_GIVEN MATERIAL_
-- Opening Marker --

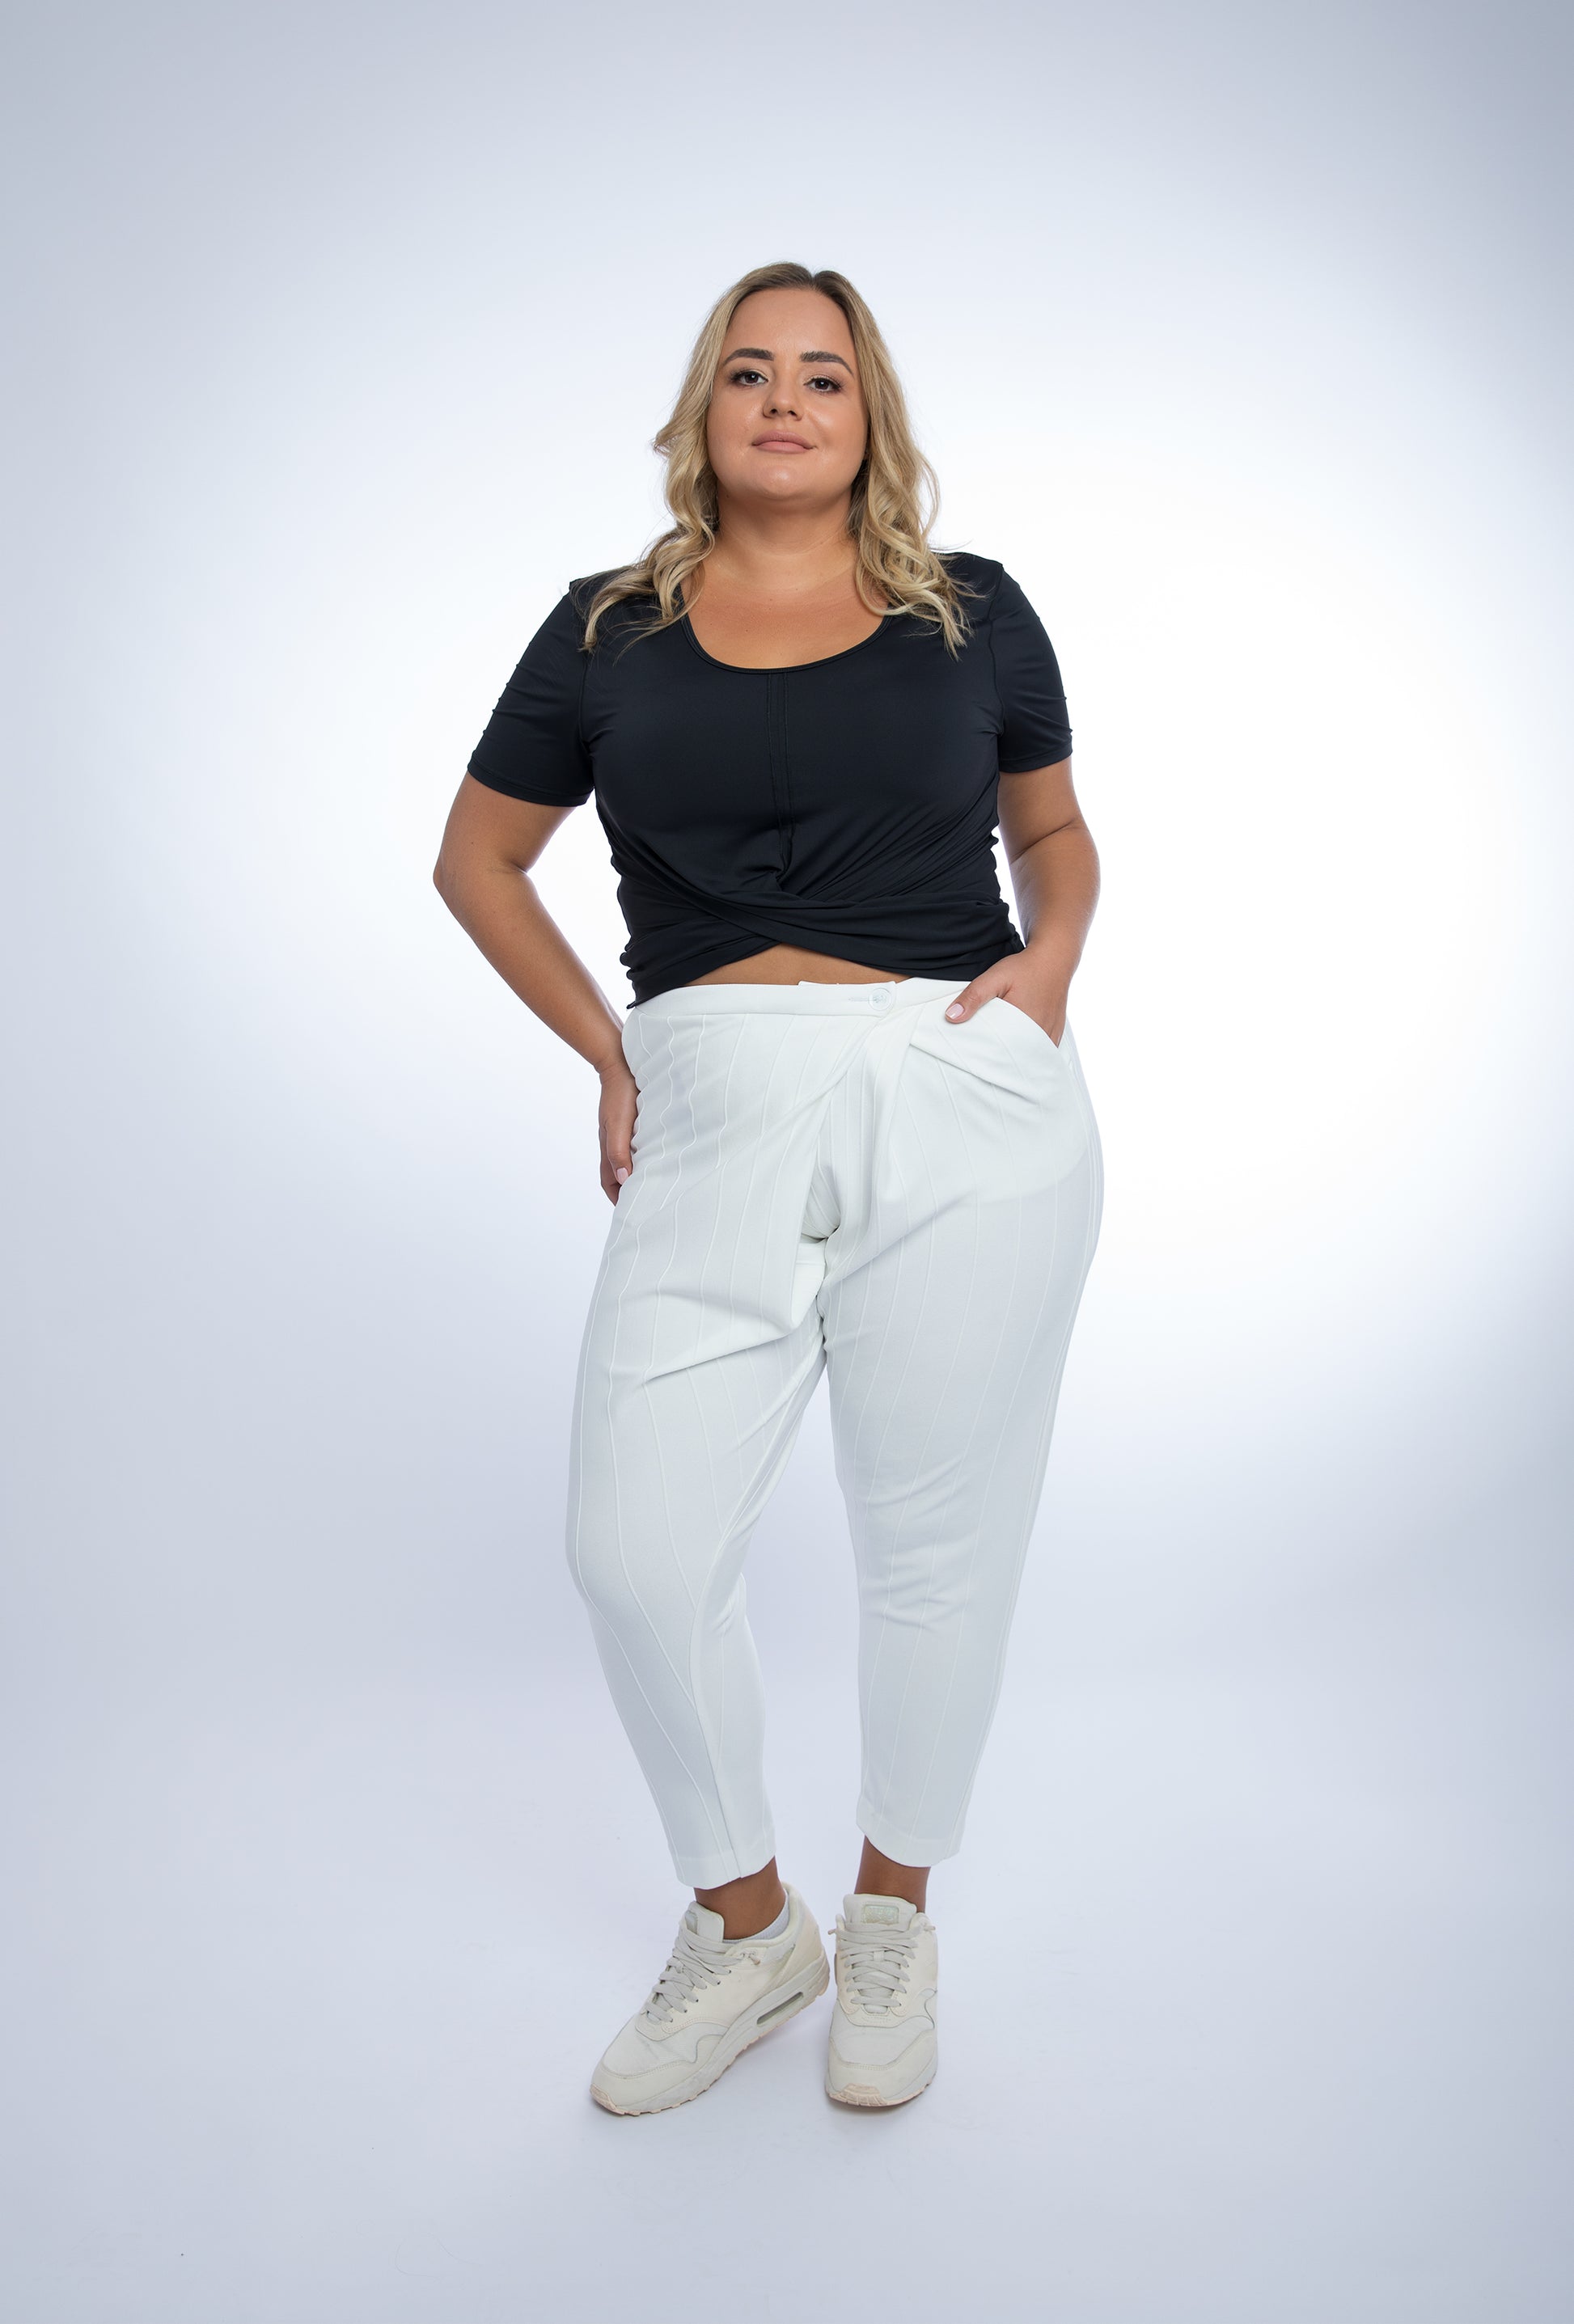 Linda Stylish Athleisure Pants – Plus Size XL
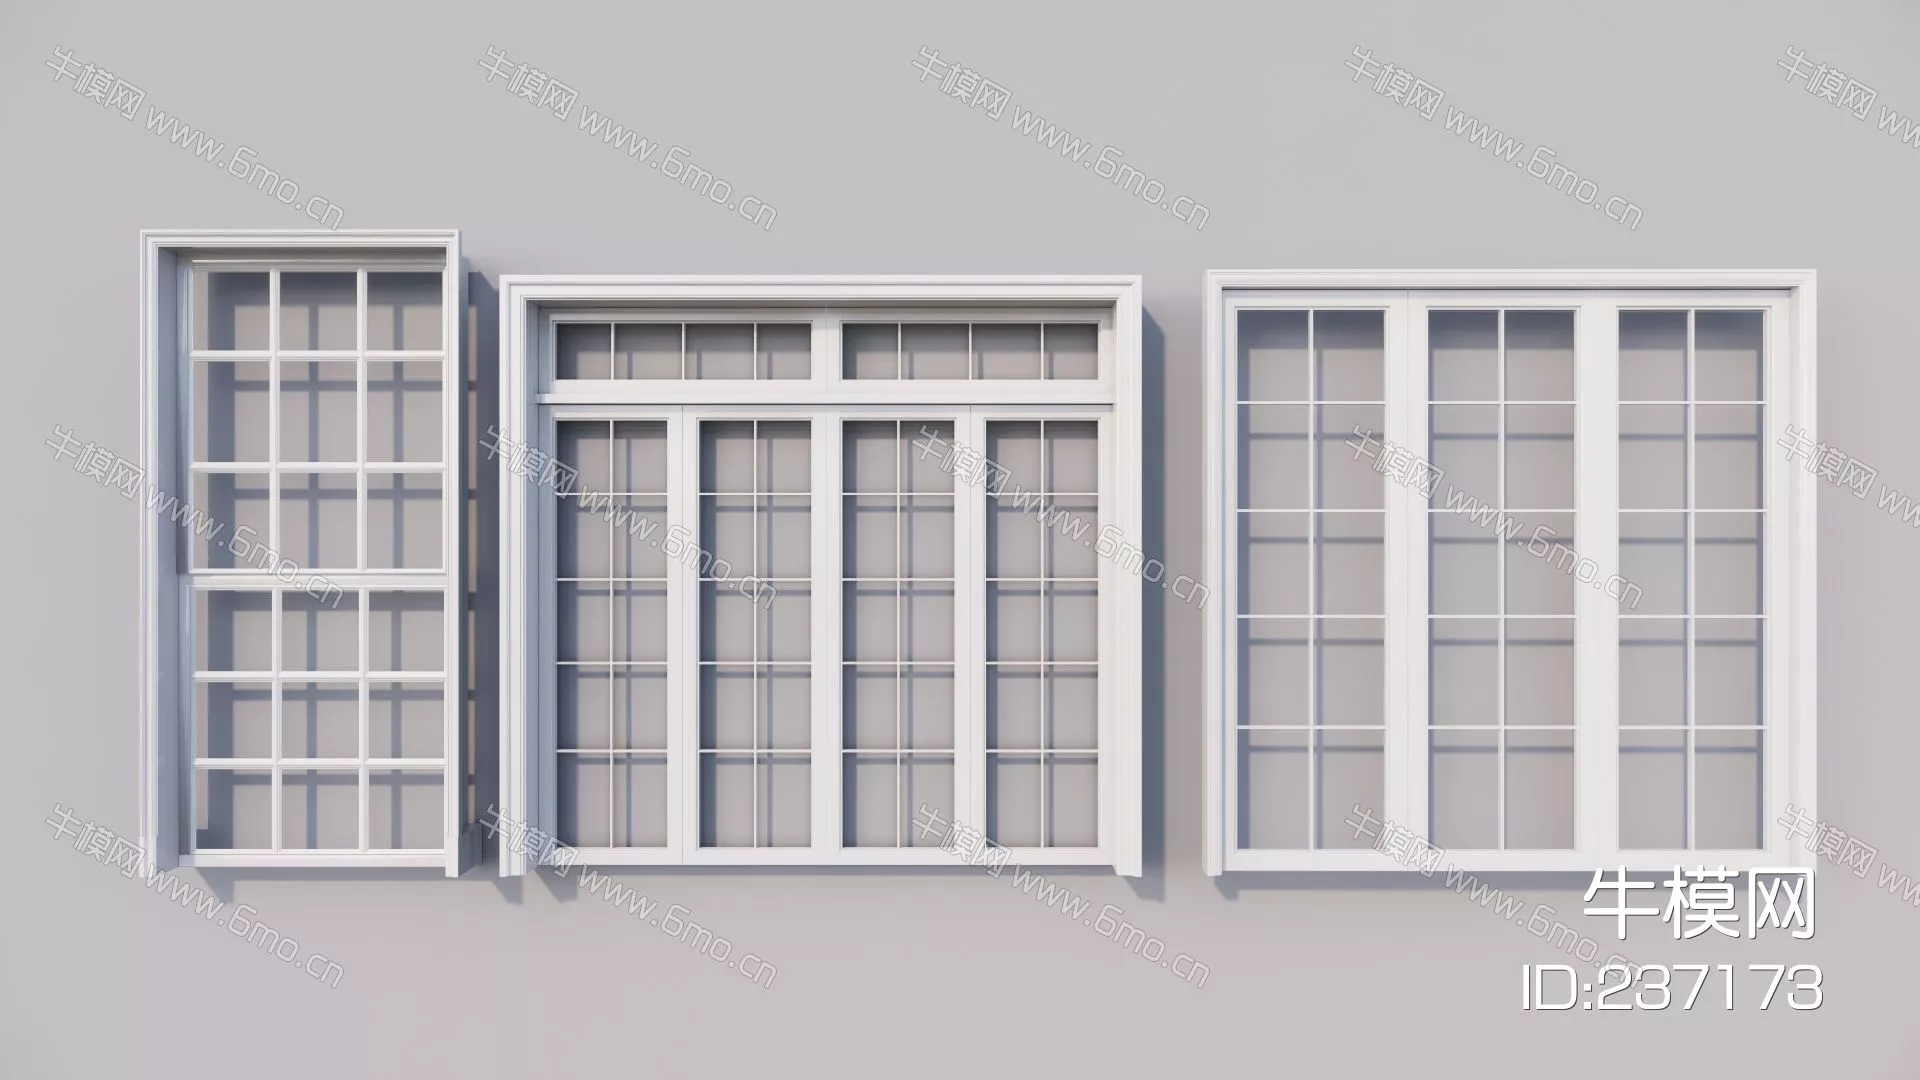 NORDIC DOOR AND WINDOWS - SKETCHUP 3D MODEL - ENSCAPE - 237173
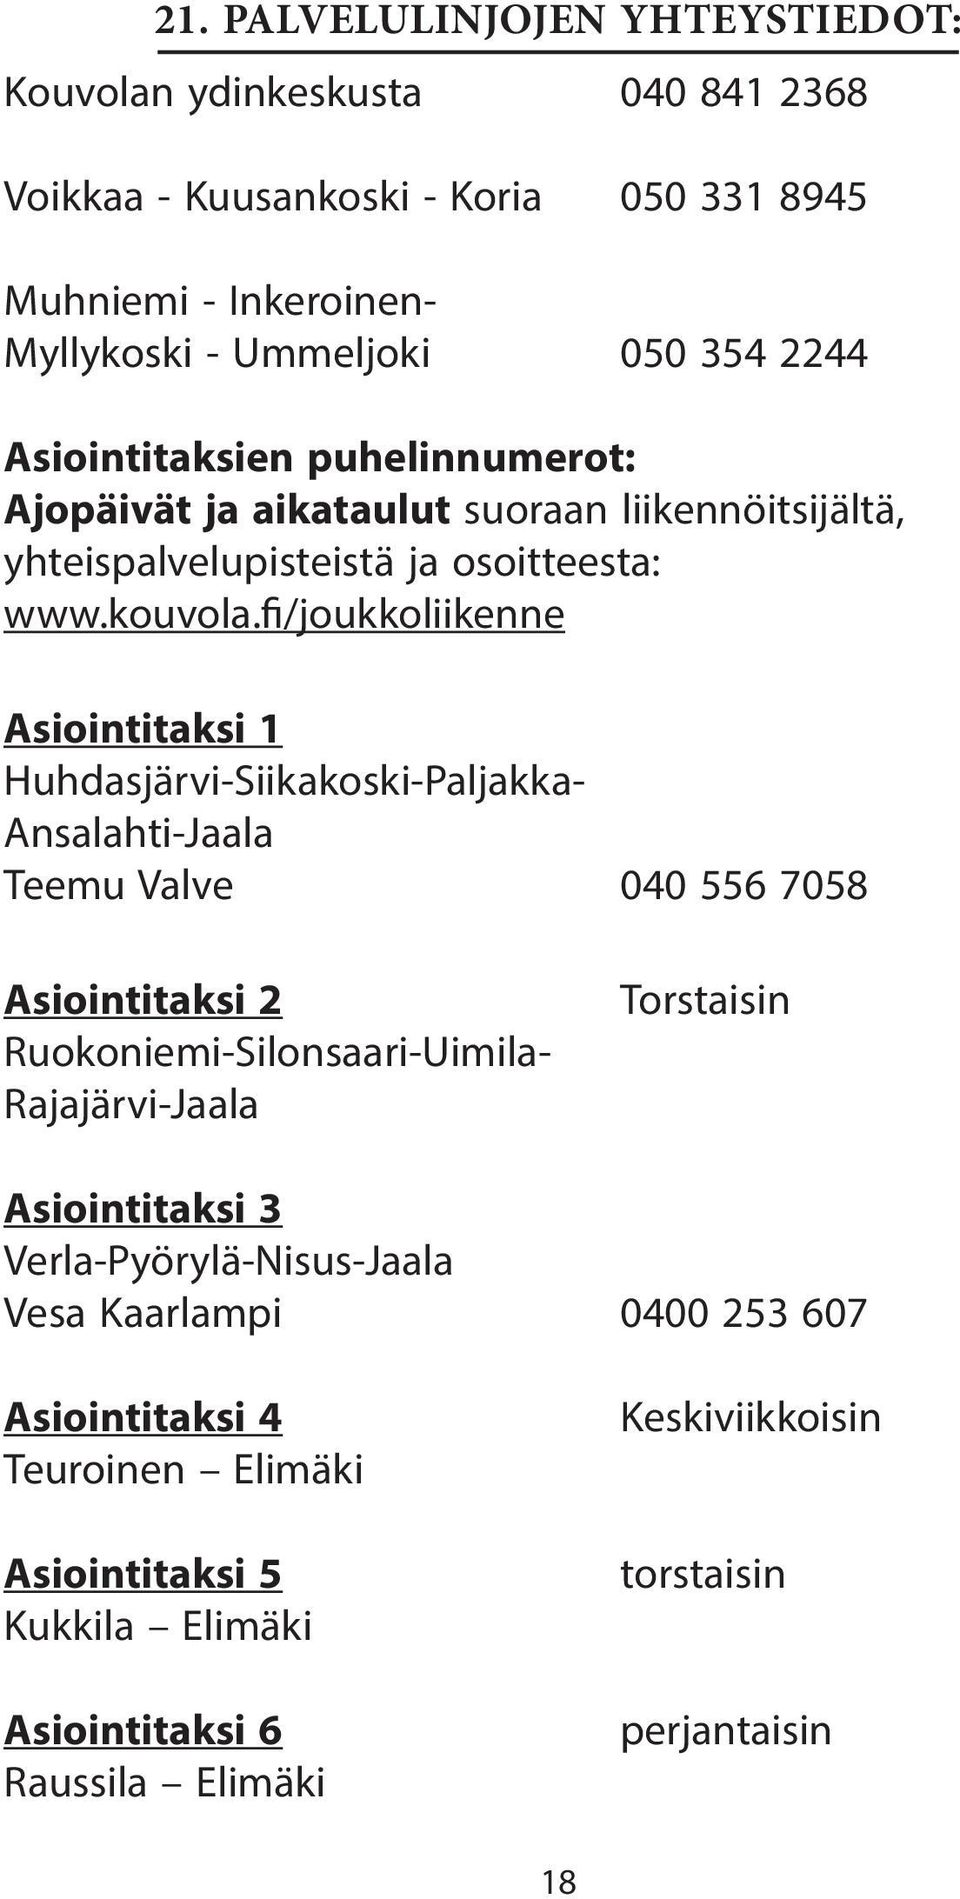 fi/joukkoliikenne Asiointitaksi 1 Huhdasjärvi-Siikakoski-Paljakka- Ansalahti-Jaala Teemu Valve 040 556 7058 Asiointitaksi 2 Ruokoniemi-Silonsaari-Uimila- Rajajärvi-Jaala

-- Closing Marker --

_WORK INSTRUCTION_
Copy out nothing but text: transcribe the listing exactly and skip each picture.

_ANSWER SPACE_
 Linda Stylish Athleisure Pants – Plus Size XL
 NORDIC DOOR AND WINDOWS - SKETCHUP 3D MODEL - ENSCAPE - 237173
 fi/joukkoliikenne Asiointitaksi 1 Huhdasjärvi-Siikakoski-Paljakka- Ansalahti-Jaala Teemu Valve 040 556 7058 Asiointitaksi 2 Ruokoniemi-Silonsaari-Uimila- Rajajärvi-Jaala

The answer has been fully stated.